**PROBLEM TO SOLVE**
Although the records contain pictures, none belong in the copy: restate word for word only the lines from the one with "Al ritsona Refugee" through the one with "やさしく学べるExcel VBA入門コース", both included.

**AVAILABLE DATA**
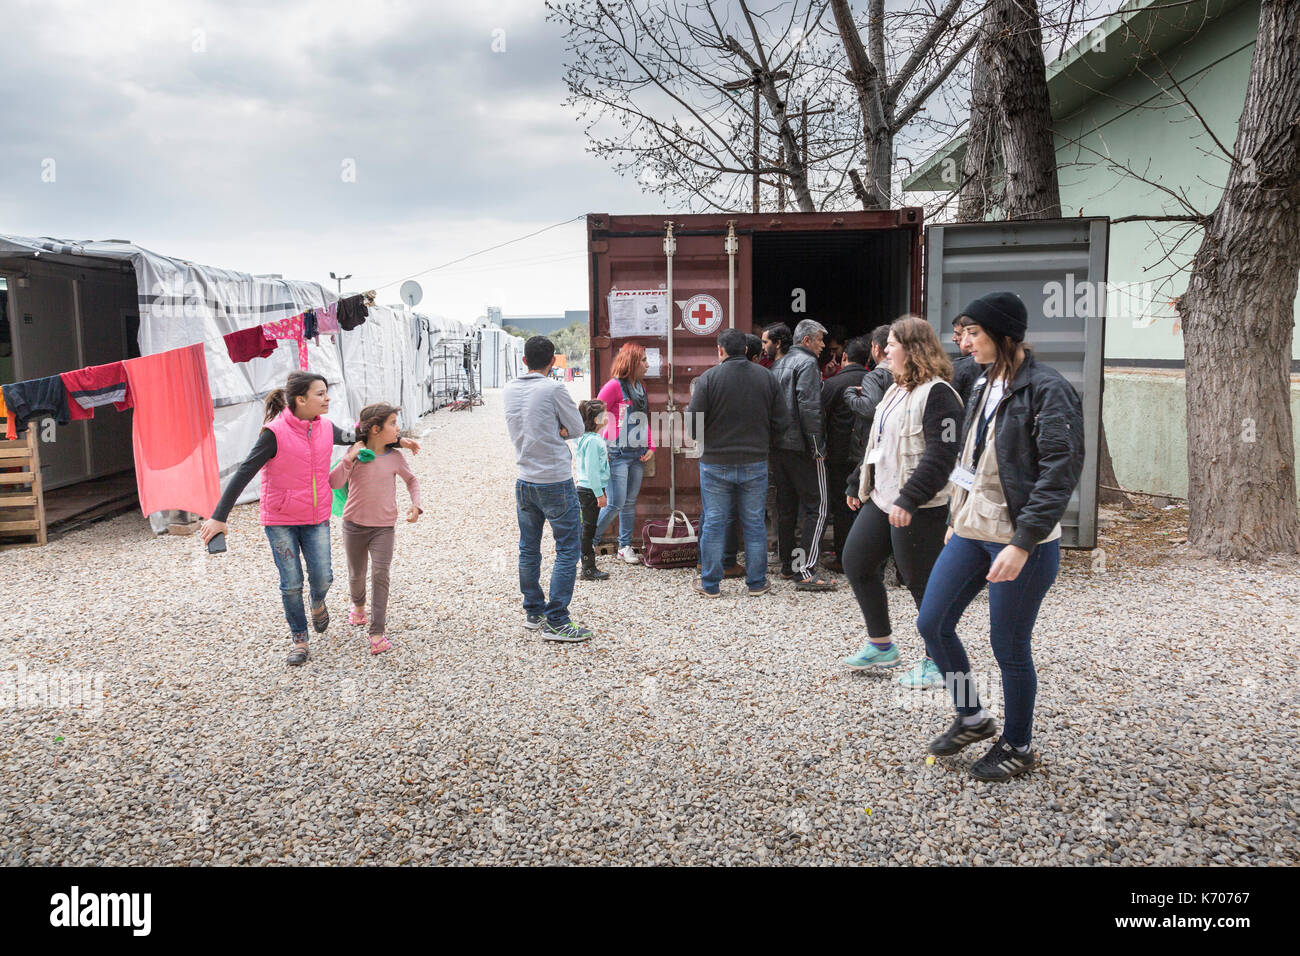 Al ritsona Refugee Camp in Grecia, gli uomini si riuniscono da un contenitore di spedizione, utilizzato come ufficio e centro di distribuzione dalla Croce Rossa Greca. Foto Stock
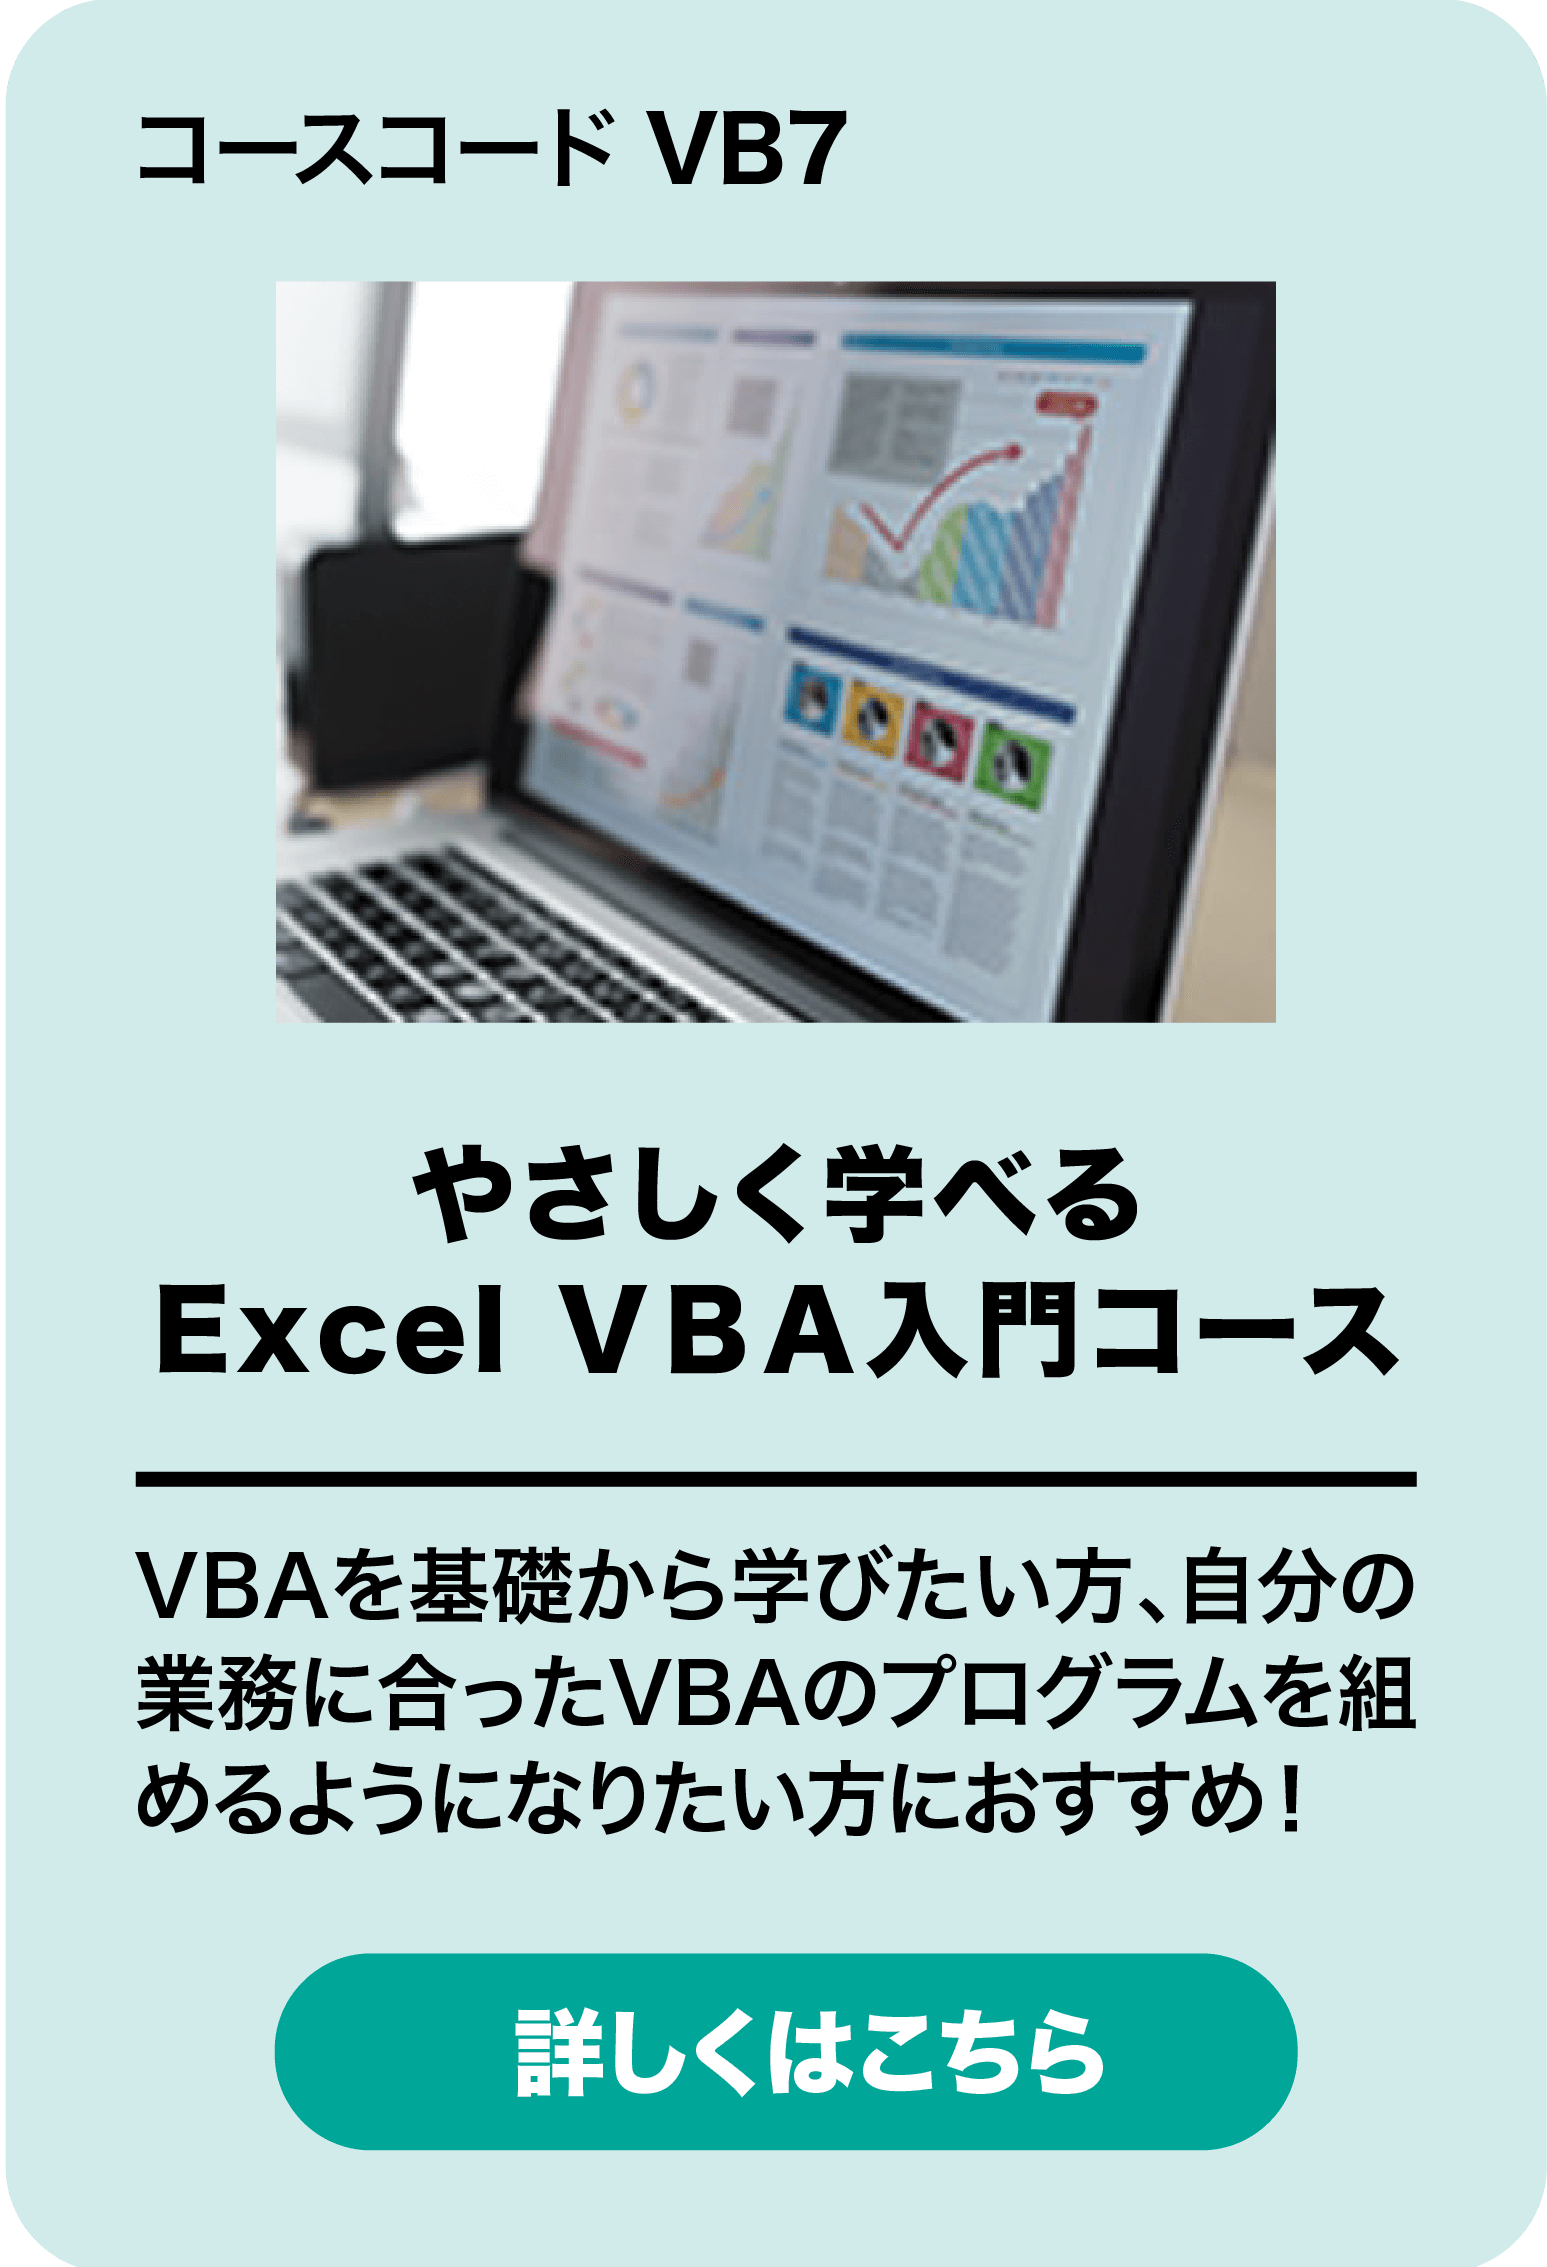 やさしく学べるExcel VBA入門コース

...

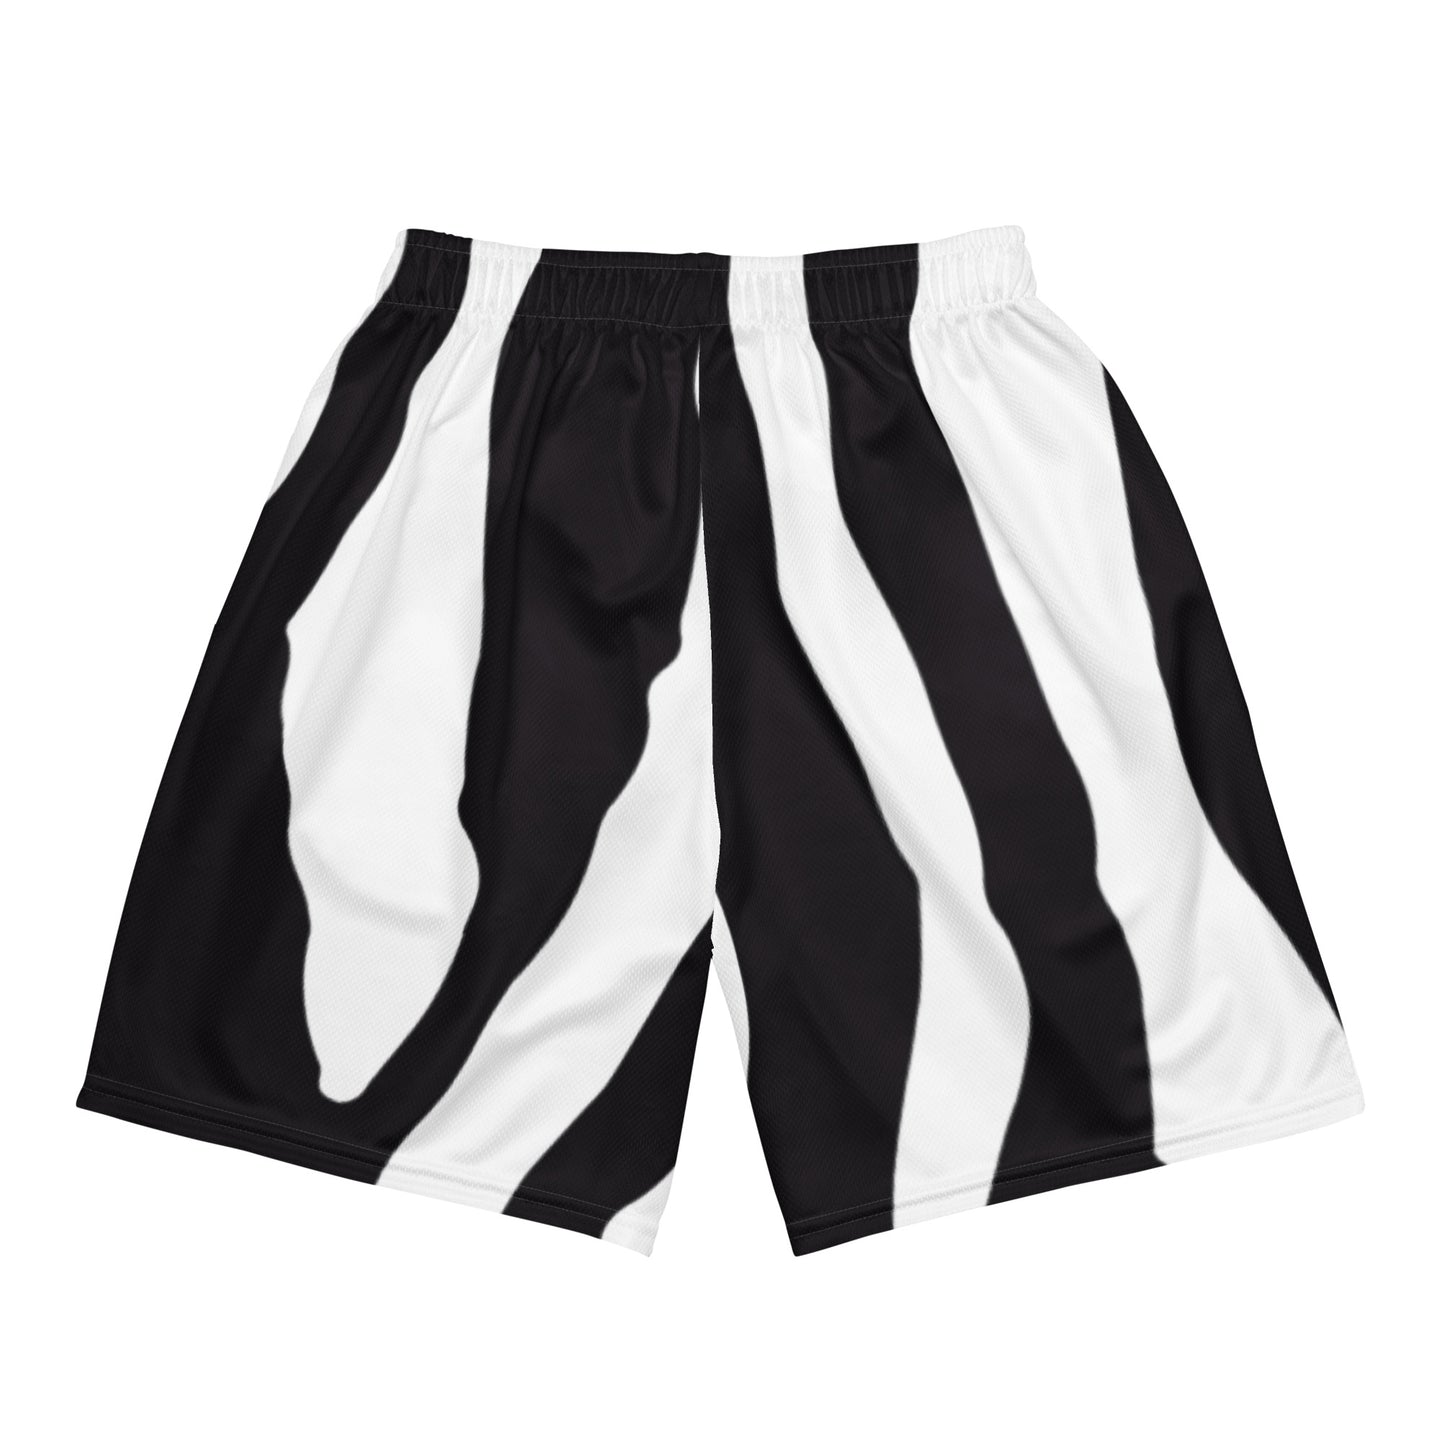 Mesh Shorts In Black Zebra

**YOUR RESPONSE**
 Al ritsona Refugee Camp in Grecia, gli uomini si riuniscono da un contenitore di spedizione, utilizzato come ufficio e centro di distribuzione dalla Croce Rossa Greca. Foto Stock
 やさしく学べるExcel VBA入門コース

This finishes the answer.